Giovanni Stradone or Giovanni Stradóne (10 November 1911, in Nola – 6 February 1981, in Rome) was an Italian painter. He was a figurative painter who worked in a personal expressionist style. His work was part of the painting event in the art competition at the 1948 Summer Olympics, where he won a silver medal. He is not to be confused with Giovanni Stradano or Jan Van der Straet (1523–1605), a Flanders-born artist active mainly in 16th-century Florence.

==Life and work==
Giovanni Stradone was born in Nola in 1911 as the son of da Luigi Stradone and Carmela Auletta. As a child he moved to Rome with his family. From an early age he studied at the studio of the painter Ferruccio Ferrazzi. He often visited the Galleria Borghese, which was located near his home. Here he copied the works of the old masters such as Raphael. After graduating from high school, he studied law following his parents' wishes but never worked in this field. At the same time he also developed a keen interest in entomology.

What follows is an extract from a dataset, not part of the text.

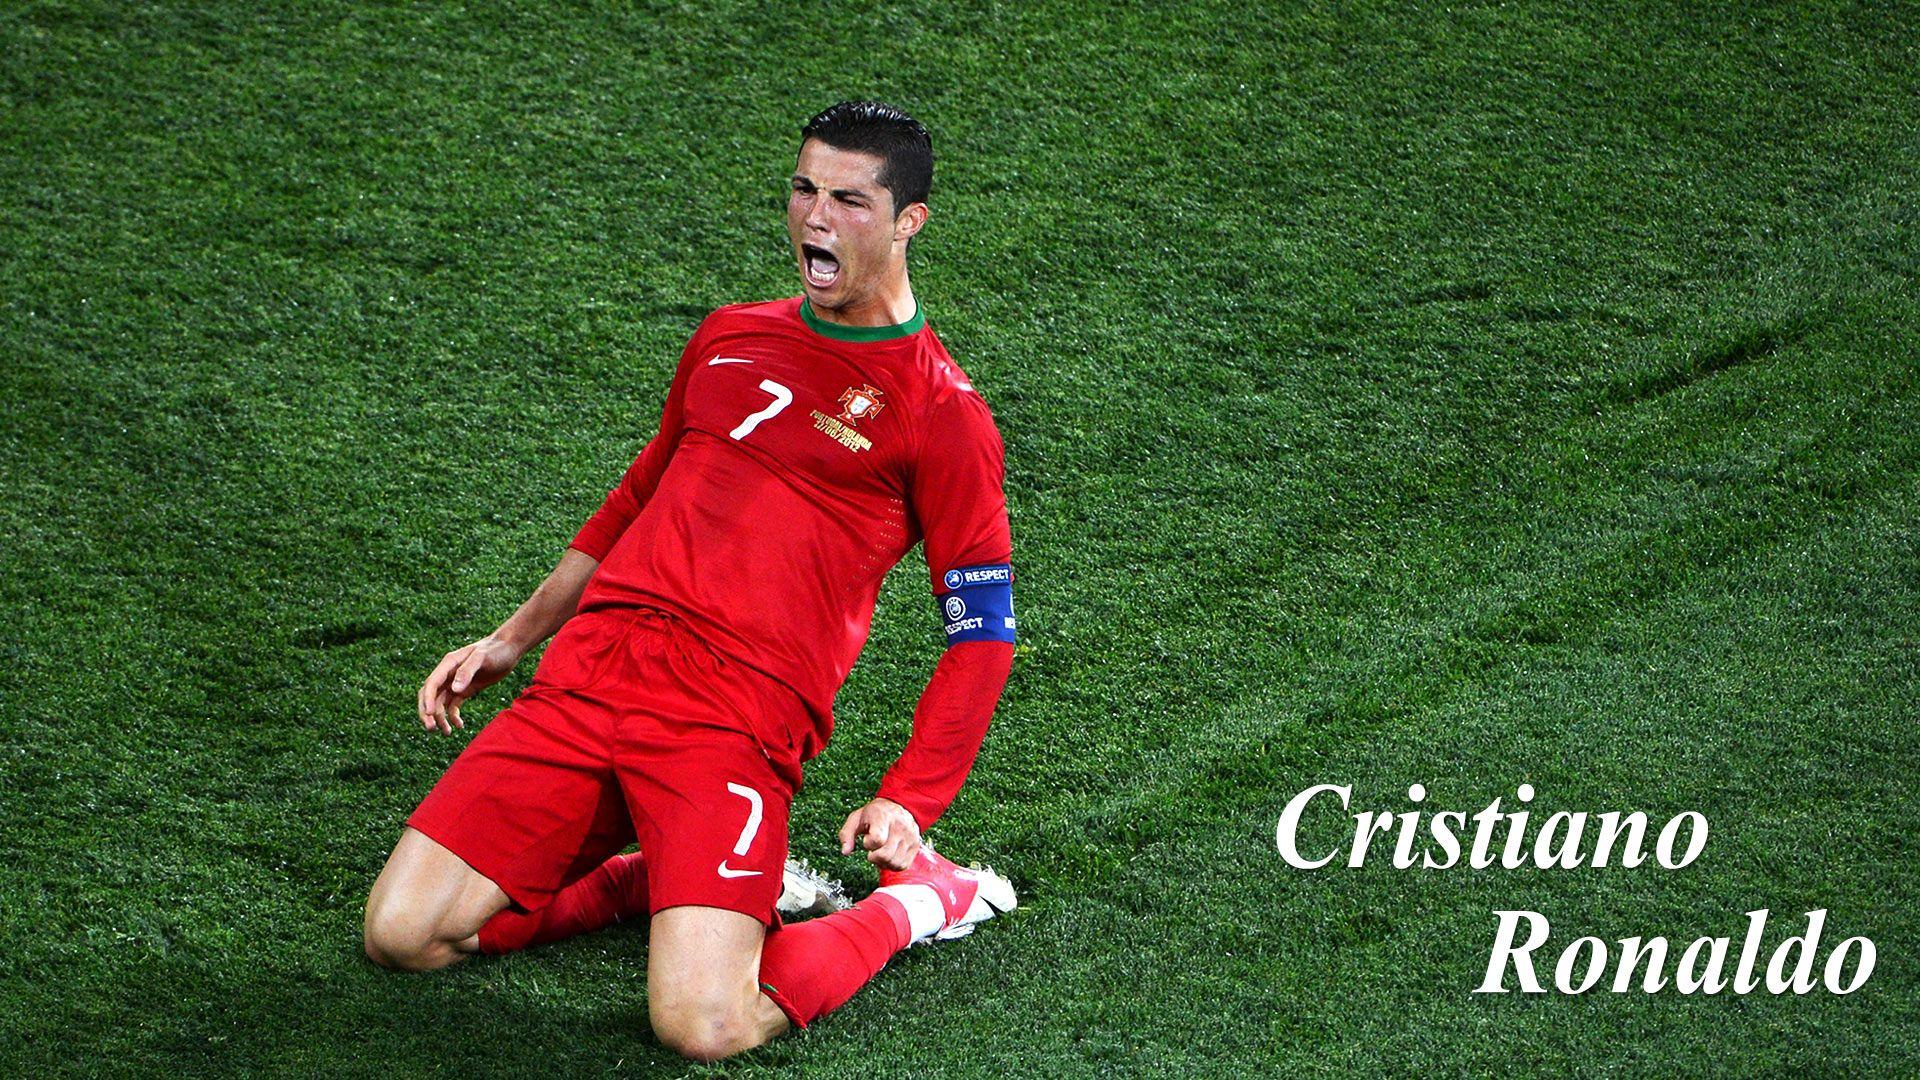 Cristiano Ronaldo Portugal Jersey Wallpaper In Red Wallpaper

He frequented the Roman artistic community headed by Mario Mafai, Orfeo Tamburi, Corrado Cagli and Giovanni Omiccioli in the 1930s. His first paintings date back to 1929. A youth friend of the artist is the protagonist in these works. In the 1930s his pictorial taste was in line with that of the so-called Scuola romana (Roman School of painting). His expressionist language gradually developed new and original features in the treatment of chromatic matter. In the 1940s he participated in many exhibitions and confirmed himself as a leading expressionist artist. At the end of the war he founded the group I quattro fuori strada along with the artists Toti Scialoja, Arnoldo Ciarrocchi and Piero Sadun.

He submitted to the Venice Biennale of 1950 the painting L'apoteosi di Bartali, which created a scandal. The work represented the meeting, which actually took place, between Pope Pius XII and the famous Italian cyclists Fausto Coppi and Gino Bartali, in the presence of numerous characters represented as caricatures, among whom many recognized Italian president Luigi Einaudi, politicians Giulio Andreotti and Giuseppe Saragat and cardinal Alfredo Ildefonso Schuster. The work was removed from the Biennale on the grounds it had violated the rule that works submitted to the exhibition should not have been exhibited before.

The artist was rediscovered as a member of the Roman School. His last major exhibitions were held in between 1978 and 1981, shortly before his sudden death.

==Works==
Stradone was a figurative painter who worked in a personal expressionist style.
From 1930 he approached the Roman school and took his main inspiration from the city of Rome or the hallucinated visions of war. He developed towards a gestural and material expressionism. After the sixties, his works continue to re-elaborate recurrent themes (series of cyclists, harlequins, Roman nocturnes and open up to fantastic and caricatural notations.

Works of the artist are in the collections of the Galleria Nazionale d'Arte Moderna in Rome.